Ok. You will need to amend your I-751 and change it to an I-751 waiver.
Here is some information on that:
Focus on where it says, "If You Are In Divorce Proceedings But Are Not Yet Divorced"
Here is a list of things that I like to give my clients and I know that you may not have all of these things, but the more you have, the better it is.
A letter where you describe, in a very detailed fashion, the circumstances in which you met your spouse, the reasons you married, and the feelings and emotions that you had or still have towards your spouse, and why.
If you have a child or children together, the birth certificate for each child.
Wedding pictures and pictures of other moments when you and your spouse, and other members of your families and friends have been together.
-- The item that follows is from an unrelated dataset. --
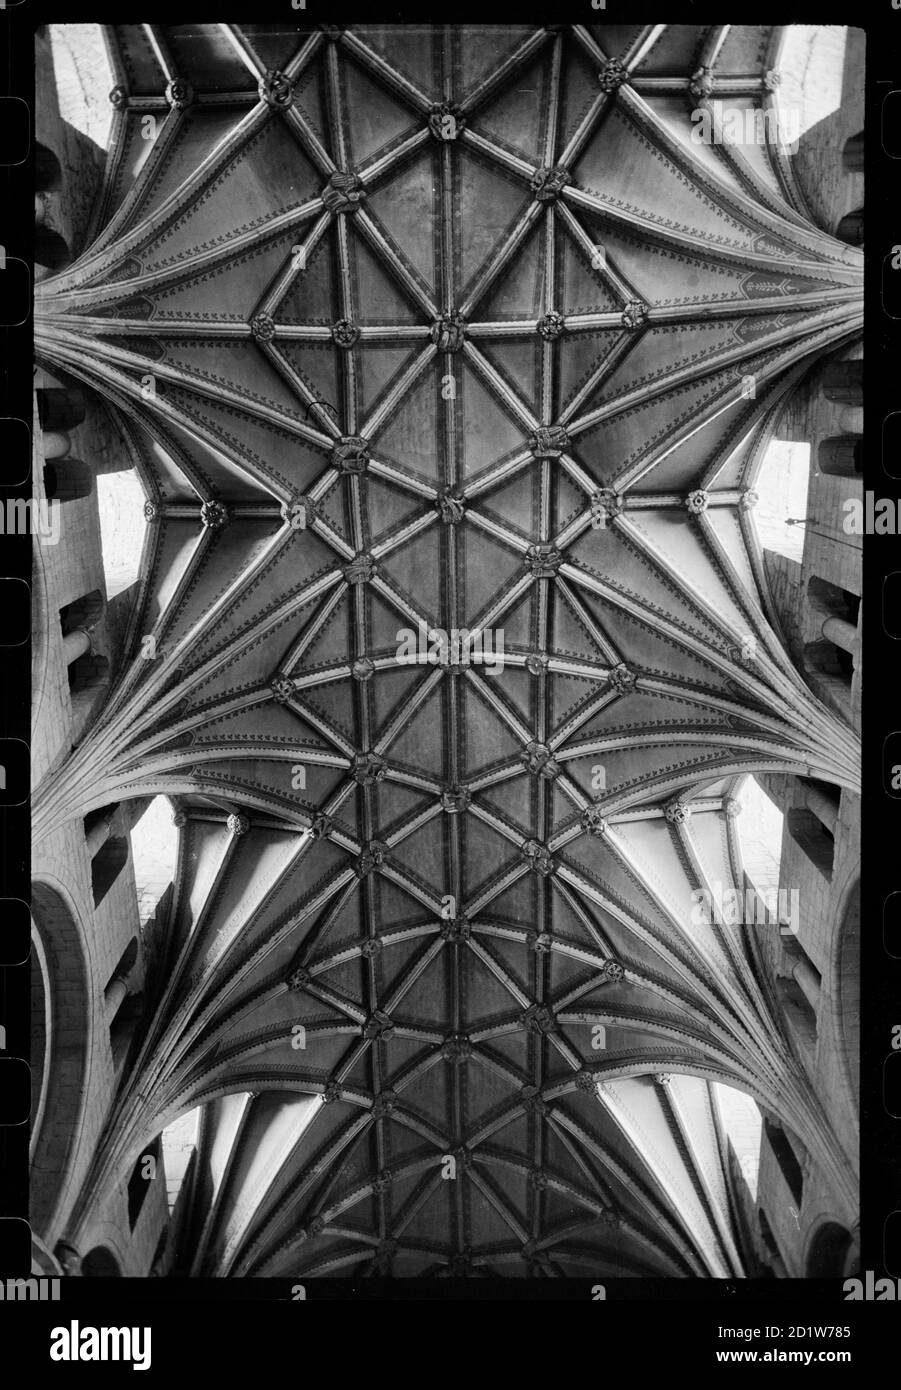 Vista dettagliata del soffitto a volta lierne nella navata centrale dell'abbazia di Tewkesbury, Tewkesbury, Gloucestershire, Regno Unito. Foto Stock

Very detailed letters from people who know you and your spouse and who are witnesses that your marriage was valid, who were at your wedding, or who knew you as a married couple.
Love letters or cards that you received from your spouse while in the relationship.
Letters from people addressed to both you and your spouse, or in which the person who wrote the letter refers to both of you as a couple.
Any types of documents that have both your names on them that show that you bought a car, a house, furniture, or anything else together.
Any rental or lease agreements for your home or apartment with both of your names on it or a letter from the building manager or owner proving that you lived together.
Bank or financial statements that show that you had or have a savings or checking account together.
Any insurance documents that show that you were or still are covered by your spouse's insurance plan, or that your plan covers or covered him or her.
Bills, such as electricity, water, heat, cable TV, phone, or others that show both you and your spouse's names.
Jointly-filed Income tax papers (both your names).
An identification card that shows that shows a common address.
Membership cards for video clubs, grocery stores or similar businesses, that show joint membership.
Any other documents that prove your relationship.
You will need to submit evidence similar to the evidence that you submitted at your marriage interview. You must prove that even though you divorced, your marriage was not entered into solely for the purpose of obtaining an immigration benefit.
So you do need to inform USCIS that you are separated and your divorce is in process because you do not want then to approve a regular I-751 as that will cause you a problem when you apply for U.S. Citizenship in the future. So inform them and continue to collect evidence that your relationship was real but just fell apart. It happens and they understand that.